One such long serving head of state, Uganda’s president Museveni, also in power for more than three decades, has already acted to try and safeguard his rule.

 Notwithstanding an economy that can ill afford it, President Museveni  promised pay hikes to the civil servants and the military, and last week the Ugandan media reported that Museveni has signed into law a bill that removes a presidential age limit from the constitution to allow him to run for elections as long as he wants.

Migration

In an article, What needs to be done to make Africa politically stable, Jakkie Cilliers of the  Institute for Security Studies recently wrote: “In the long term only rapid, inclusive economic growth combined with good governance can make Africa less volatile,” which is true but much easier said than done.

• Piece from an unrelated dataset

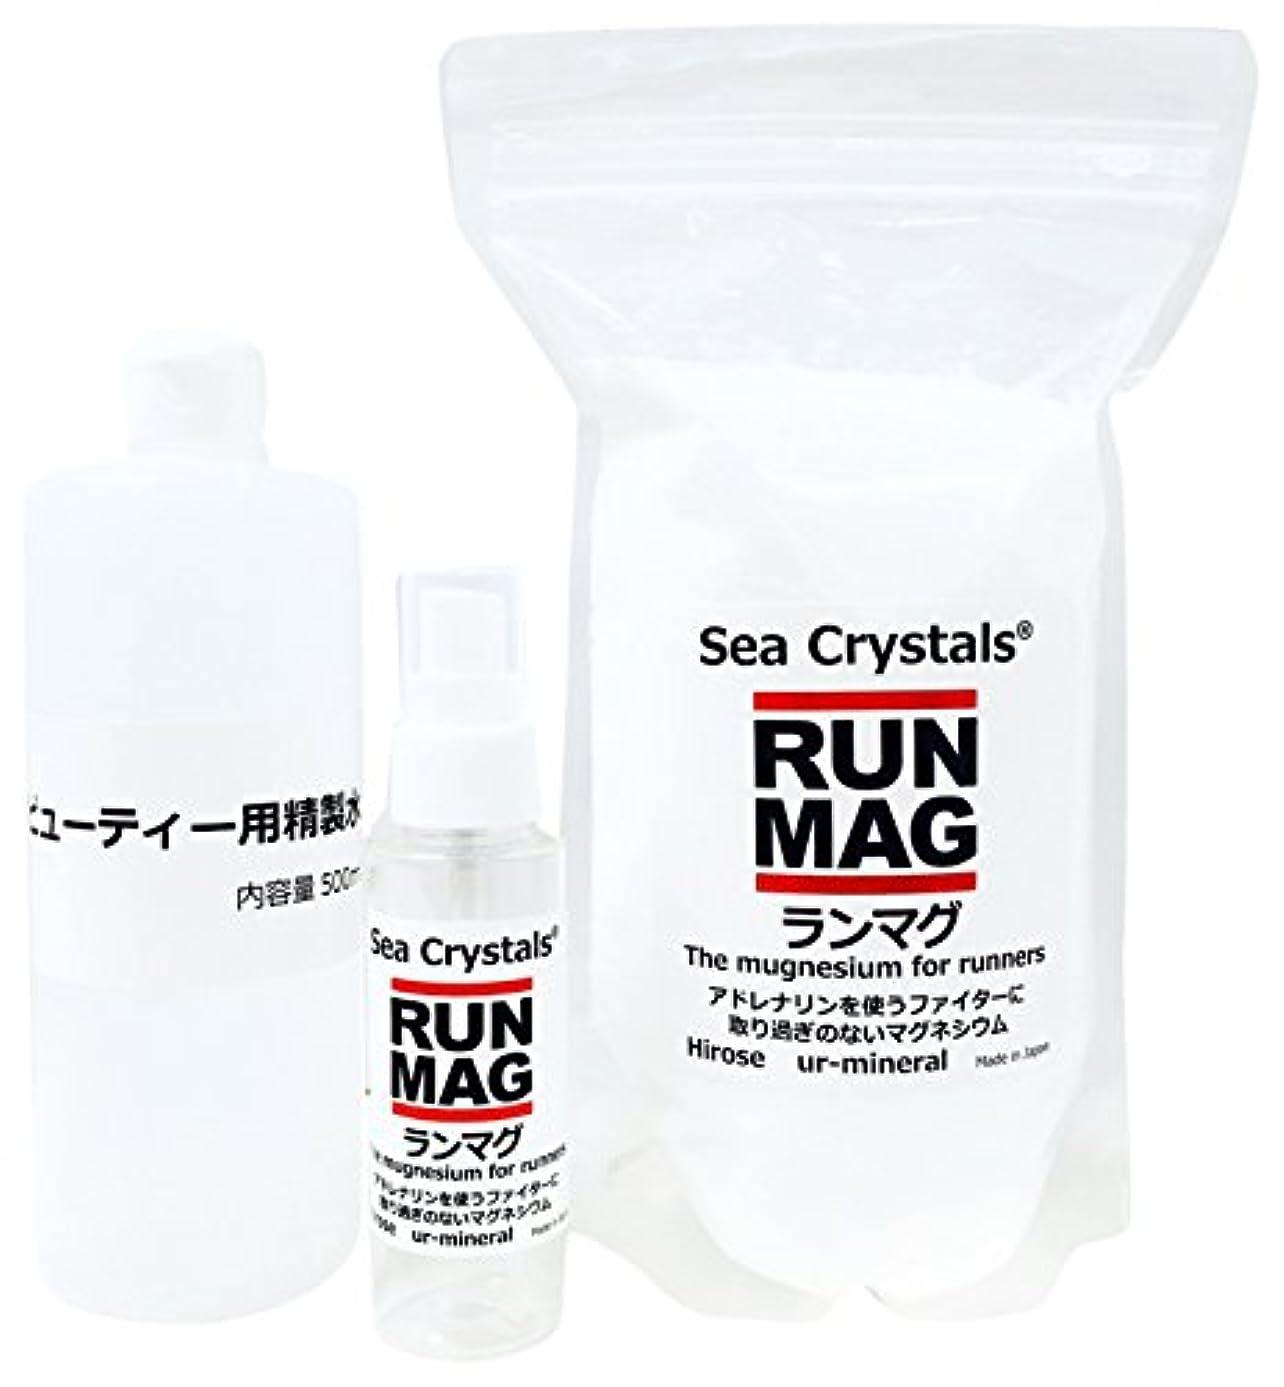 寝室を掃除する構成する残基ランマグ?マグネシウムオイル 500g 化粧品登録 日本製 1日マグネシウム360mg使用  精製水付き

Attaining this goal will do much to help end to one of the most unfortunate trends in today’s world – the mass exodus of thousands of people via a treacherous journey across the Mediterranean Sea seeking a better life in Europe.

Recently released figures by The International Organization for Migration revealed that the number of people, who died crossing the Mediterranean, the world's deadliest border, surpassed 3,000 for the fourth year in a row.

More than 33,000 people have died at sea trying to enter Europe since 2000 but notwithstanding all the hazards they still take the chance.

The desperate circumstances and the vulnerability of those trying to escape a life of no hope and misery in Africa, but unwelcome elsewhere, have given rise to an unprecedented upsurge in human trafficking and modern-day slavery.

Some positives

However, there are also positives and Africa is on the move as democracy and economic growth progresses step by step. The pace could however speed up with acknowledging, and seeking answers, to the challenges in the coming year.